The method, too, has promise for fault diagnosis and RUL estimation. This work by Xiong et al. explains the effectiveness of an innovative information fusion method, based on KNN and dimensionless indicators with static discounting factor, for fault diagnosis in petrochemical rotating machinery. The researchers use evidence reasoning to process the accuracy and uncertainty of the information with the help of the K-NN algorithm and utilize static indicators and to turn the equipment’s input signals into the reliability of the structure framework. The approach, according to the paper, can drastically reduce the impact of unreliable factors in the fusion results and thus enable better decision-making in regard to maintenance planning.

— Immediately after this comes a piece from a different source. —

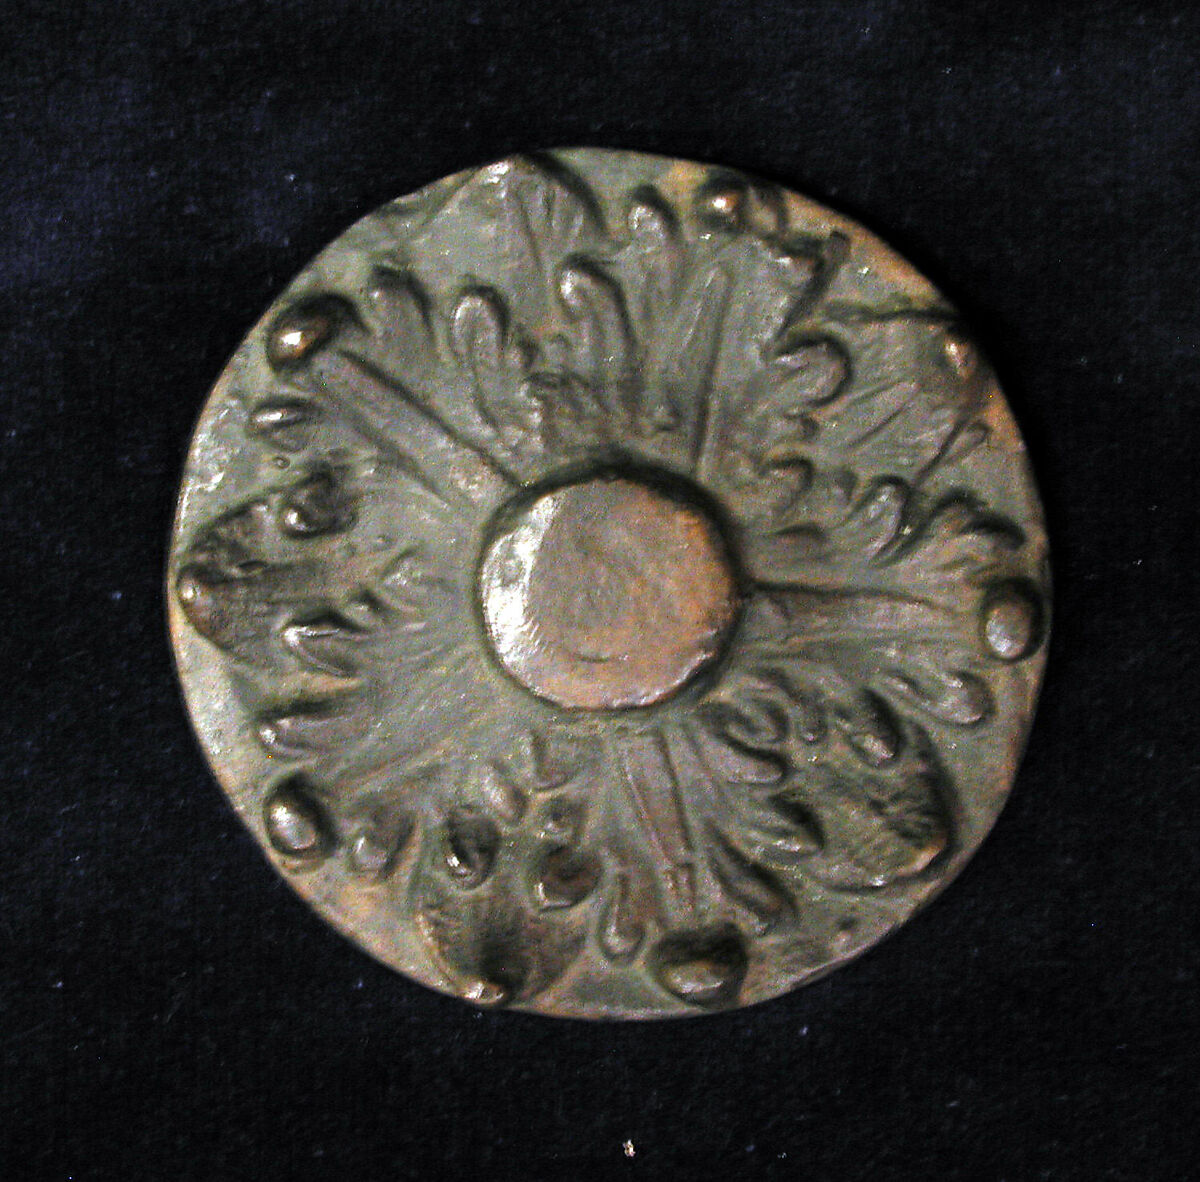 Anvil, Bronze, British, after Italian, Venice original 
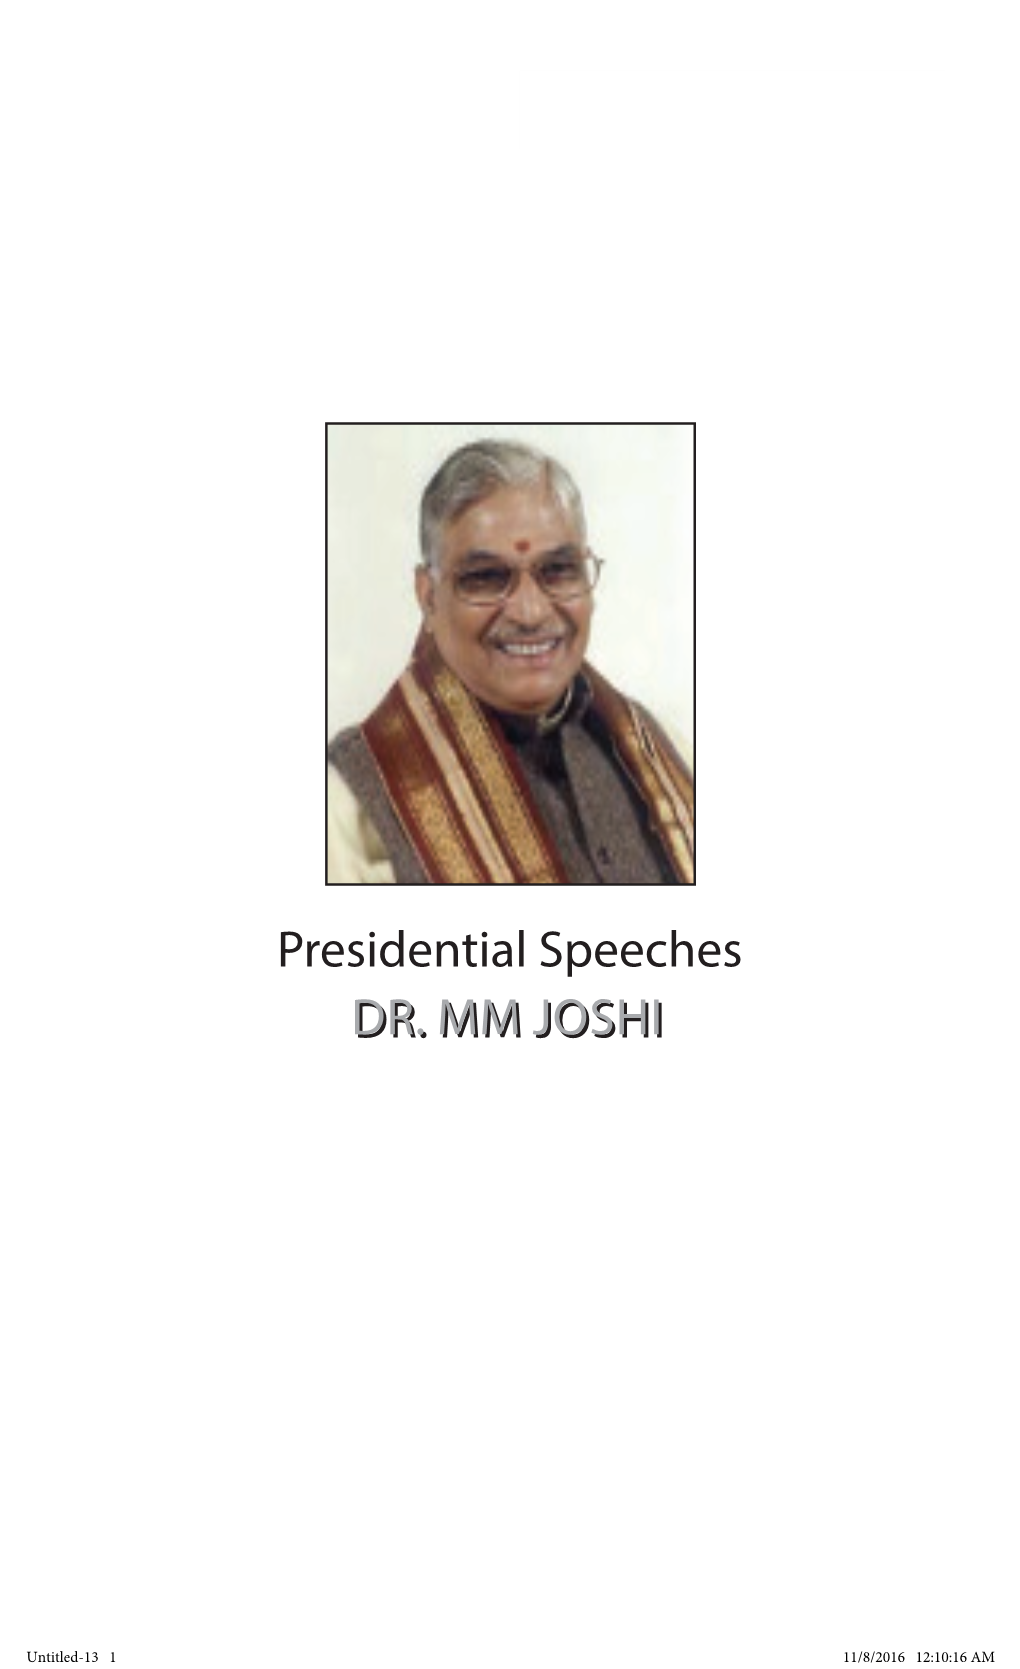 Presidential Speeches DR. MM JOSHI

As for K-NN based RUL prediction, this paper proposes a novel predictive model, which the authors call Volterra k-nearest neighbor optimally pruned extreme learning machine (OPELM) prediction model (VKOPP.) In the paper, they apply the method to insulated gate bipolar transistors RUL estimation and degradation trace identification. What they do exactly is utilize the Volterra series combined with minimum entropy rate to reconstruct phase space for the equipment’s aging samples and then use a combination of K-NN and least-squares estimation (LSE) to determine the output weights of OPELM and predict RUL.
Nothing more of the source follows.